Step 4, we now compute the context vector for input query vector 2.

context_vec_2 = attn_weights_2 @ values
print(context_vec_2)

tensor([0.3061, 0.8210])

Putting all in `SelfAttention` class¶

Putting it all together, we can implement the self-attention mechanism as follows:

import torch.nn as nn

class SelfAttention_v1(nn.Module):

    def __init__(self, d_in, d_out):
        super().__init__()
        self.W_query = nn.Parameter(torch.rand(d_in, d_out))
        self.W_key   = nn.Parameter(torch.rand(d_in, d_out))
        self.W_value = nn.Parameter(torch.rand(d_in, d_out))

    def forward(self, x):
        keys = x @ self.W_key
        queries = x @ self.W_query
        values = x @ self.W_value

        attn_scores = queries @ keys.T # omega
        attn_weights = torch.softmax( # alpha (normalized omega)
            attn_scores / keys.shape[-1]**0.5, dim=-1
        )

        context_vec = attn_weights @ values
        return context_vec

torch.manual_seed(123)
sa_v1 = SelfAttention_v1(d_in, d_out)
print(sa_v1(inputs))

tensor([[0.2996, 0.8053],
        [0.3061, 0.8210],
        [0.3058, 0.8203],
        [0.2948, 0.7939],
        [0.2927, 0.7891],
        [0.2990, 0.8040]], grad_fn=<MmBackward0>)

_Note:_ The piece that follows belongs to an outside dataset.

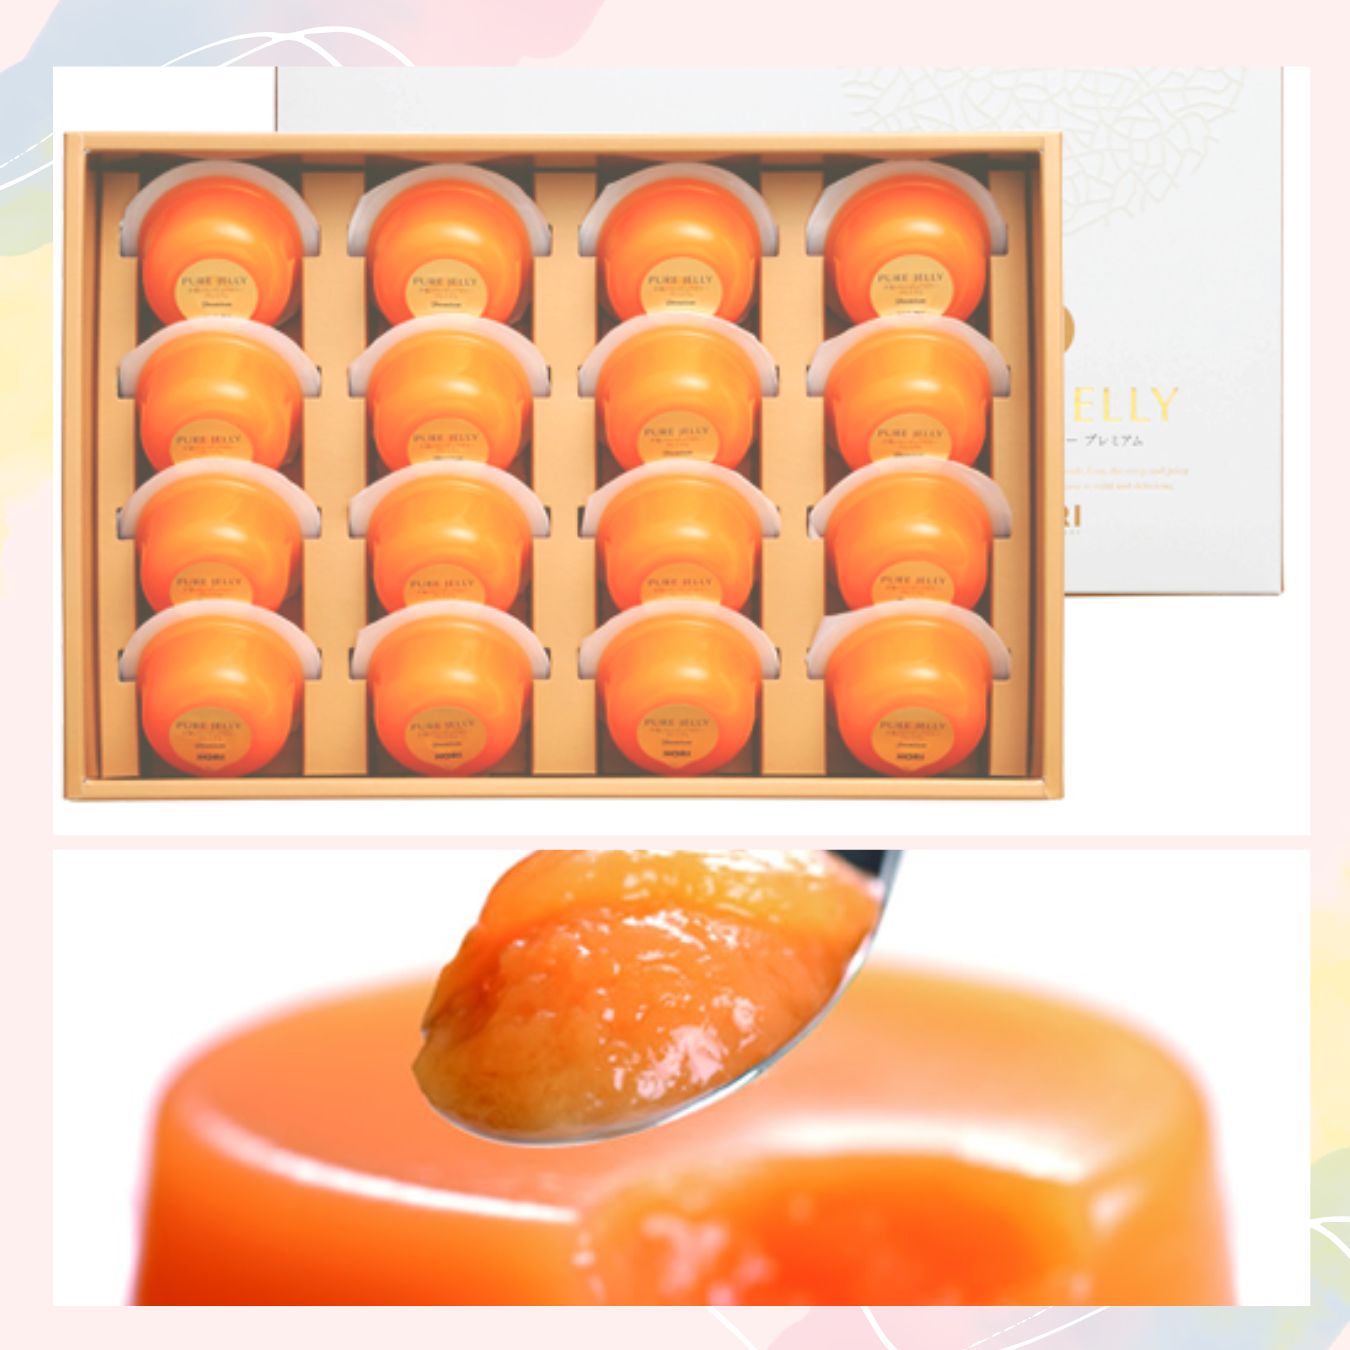 Yubari Melon Pure Jelly Premium Hori - JapanHapiness

We can streamline the implementation above using PyTorch’s Linear layers, which are equivalent to a matrix multiplication if we disable the bias units.

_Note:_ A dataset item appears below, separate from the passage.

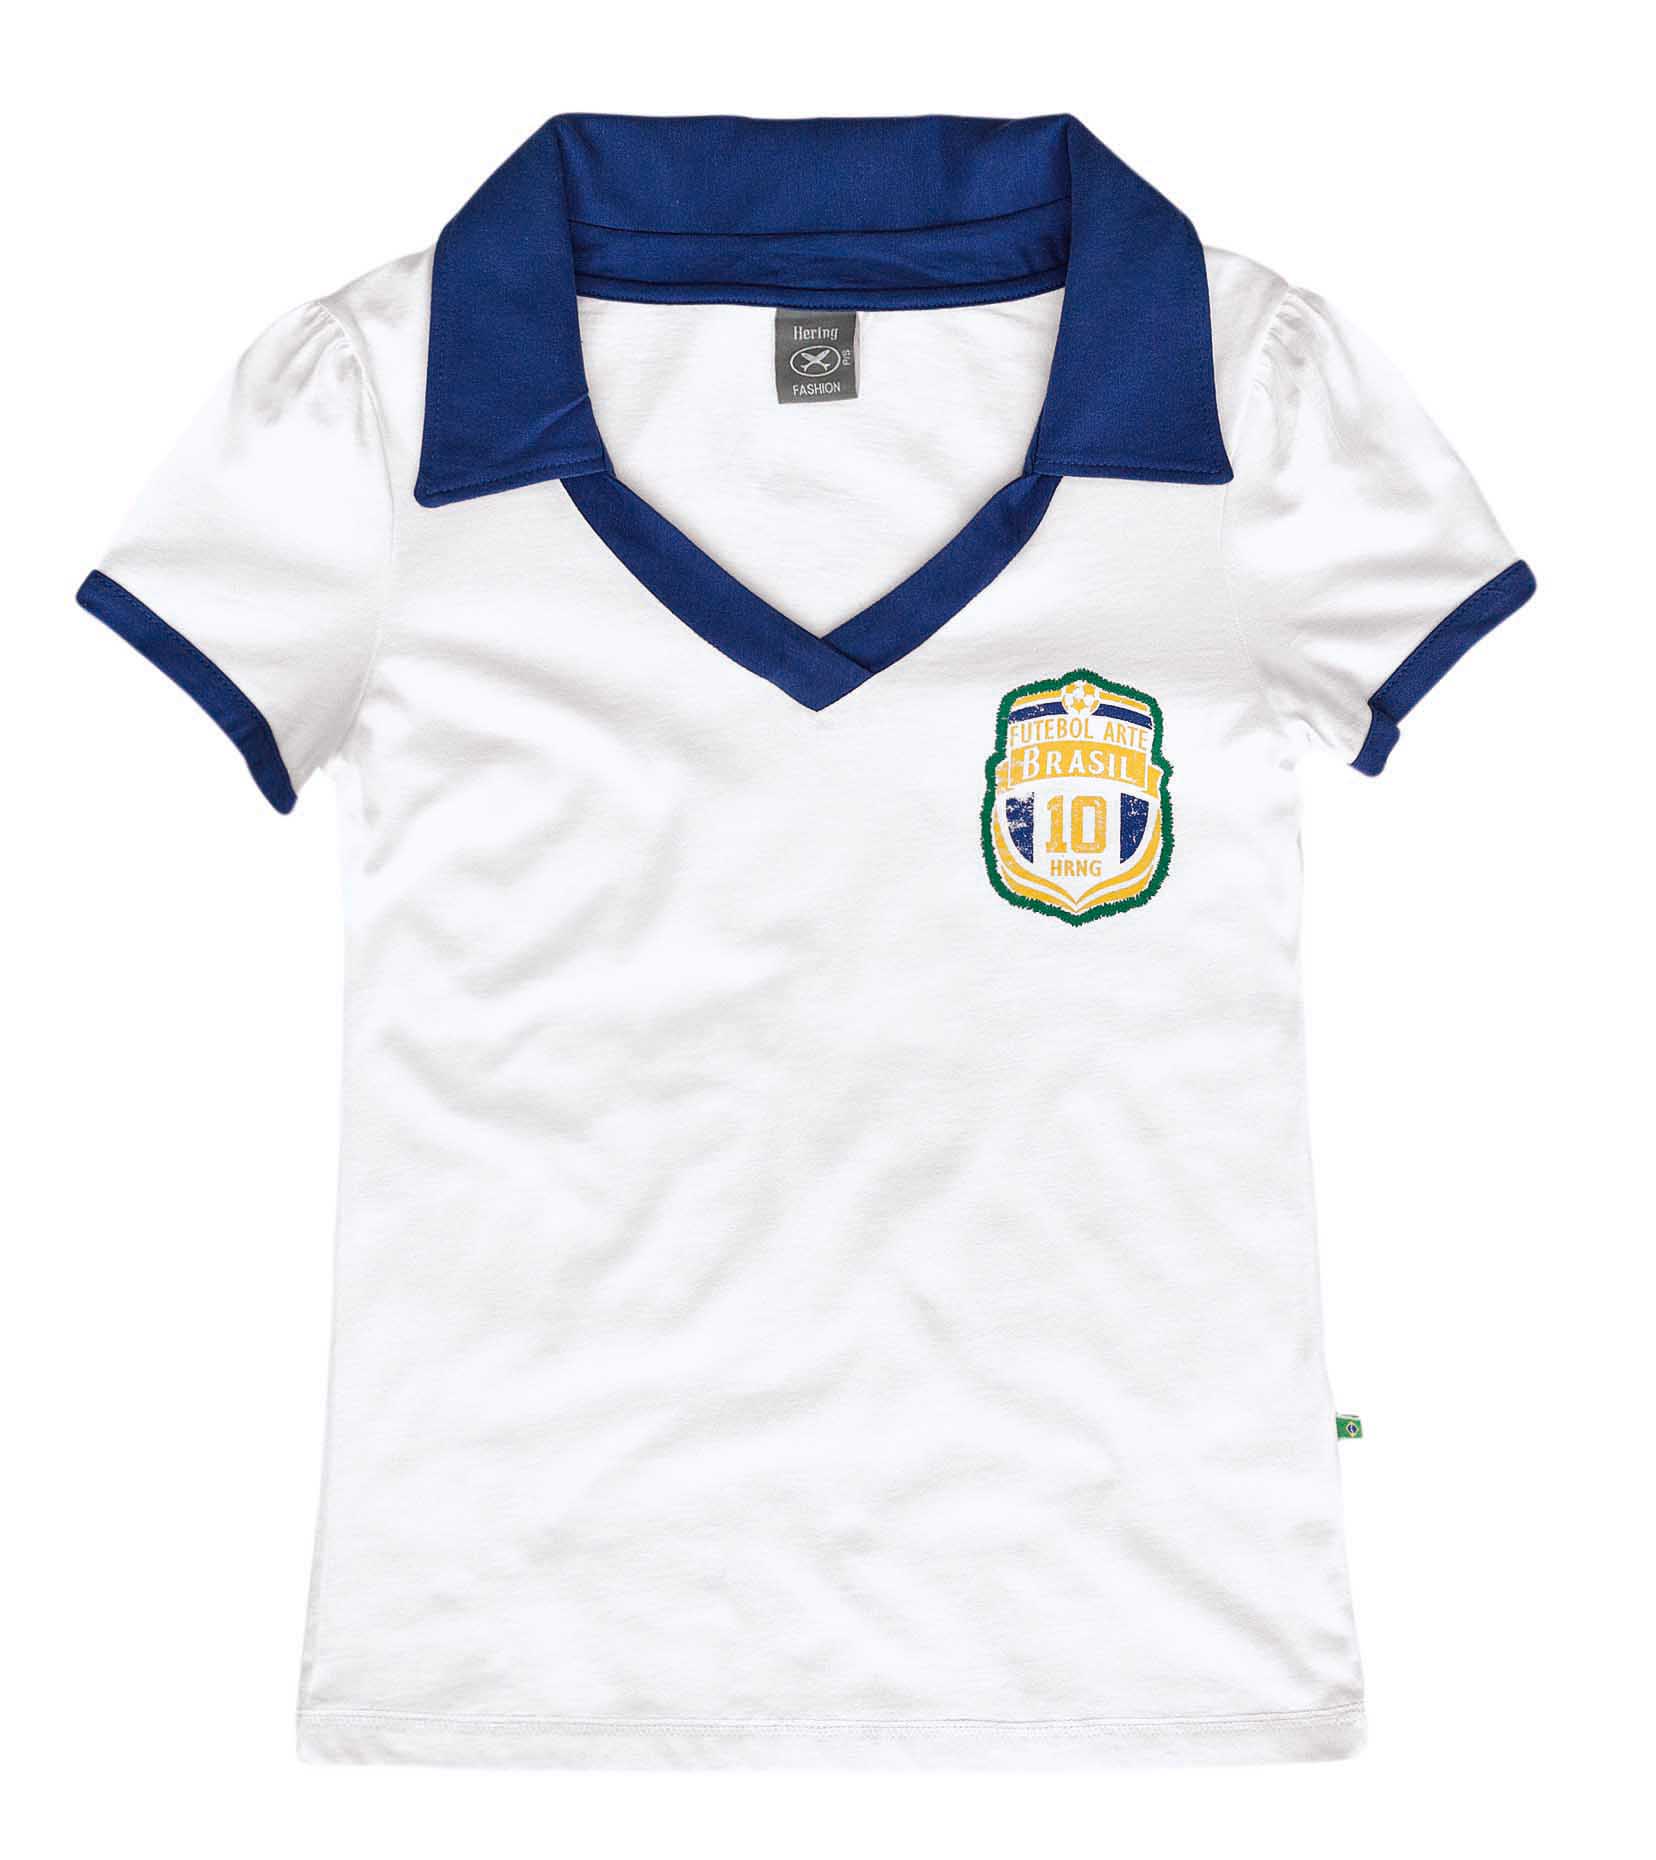 Camiseta polo nas cores branca e azul, tema Brasil.

Another big advantage of using nn.Linear over our manual nn.Parameter(torch.rand(...) approach is that nn.Linear has a preferred weight initialization scheme, which leads to more stable model training.

class SelfAttention_v2(nn.Module):

    def __init__(self, d_in, d_out, qkv_bias=False):
        super().__init__()
        self.W_query = nn.Linear(d_in, d_out, bias=qkv_bias)
        self.W_key   = nn.Linear(d_in, d_out, bias=qkv_bias)
        self.W_value = nn.Linear(d_in, d_out, bias=qkv_bias)

    def forward(self, x):
        keys = self.W_key(x)
        queries = self.W_query(x)
        values = self.W_value(x)

        attn_scores = queries @ keys.T
        attn_weights = torch.softmax(attn_scores / keys.shape[-1]**0.5, dim=-1)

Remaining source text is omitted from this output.